Some may consider this a story of surviving cancer, but this is a story about the rock, the glue, and the toast.  After being divorced twice, Teresa had a new boyfriend Chris, ten years younger, smart, funny, wise, and infinitely kind.  Little did they know that he would be the rock (the pack leader) on whom she would need to lean during both Seamus’s and her own illness and treatment.  When Teresa is completely dejected and feels she can’t do this anymore, he bakes her cookies at four in the morning, drives her to all her medical appointments, tries out wigs with her, and in solidarity as she looses her hair, he grows his hair, making a deal that he would only cut when she needed a cut, after the regrowth of her hair.

Camry the beagle

Camry the beagle (Photo credit: laRuth)

Teresa for her part is the glue that holds their family together.  She leans on him but gives him space.  She is infinitely grateful and brings her and Chris’s family into the fold, eventually bringing them to meet each other.  Seamus who loves toast, steals people’s hearts with his cuteness.  He brings much needed joyful respites to their little family.

I cry easily but this book did not make me cry.  I teared up often reading this touching tender story, but I also laughed a lot.  Deep grief is wrapped in smart, witty, humorous, funny anecdotes.  And then there is treasure trove of information about little questions that are hard to get answered.  Is it painful for the radioactive tracer to be injected in order to locate the tumor for a biopsy, how long it takes for a chemo treatment, how long does it take for radiation, and more.

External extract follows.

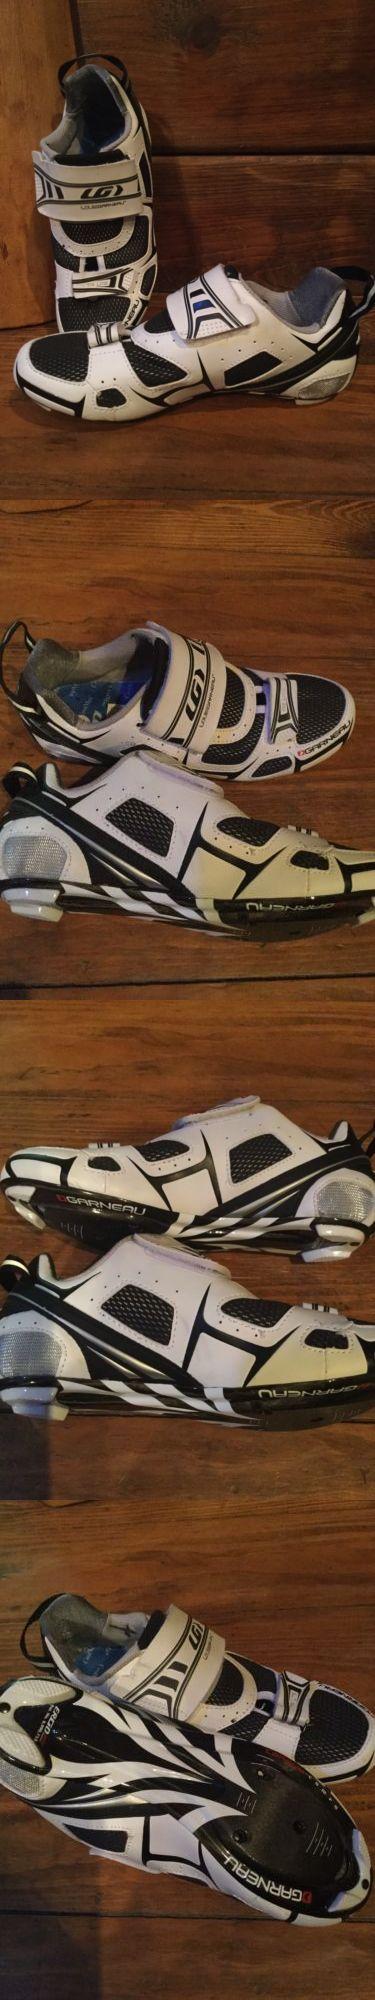 Men 158986: New Louis Garneau Tri Lite Carbon Spd-Sl Cycling Shoes Eu 37 Us 5 Or 6.5 Women -> BUY IT NOW ONLY: $48 on eBay!

And while majority of the health care personnel and physicians are compassionate, committed, and are deeply dedicated to the welfare of their patients, there are some who are clearly uninterested, detached, and neglectful.  Teresa stands up (unfortunately not always succeeding) for her right as a patient to get timely information and reasonable care.  One of the physicians who rarely sees her patients, leaving actual care in the hands of the nurses, assures Teresa (about her dangerous white blood count crash), these side effects are very common, and the nurses know how to deal with them.  We deal with this stuff all the time.”  Teresa points out, that the nurse did not have the answers on how to deal with them and says, “it’s not common to me.  I don’t deal with it all the time”.  Contrarily, she is enormously grateful and highly appreciative of the compassionate and thorough care she received at the UCLA cancer center and particularly Dr. Amer Karam.

This is an engaging, funny, sweet, uplifting, heartwarming story.  After all, who would not like to read about a cute dog’s hilarious antics?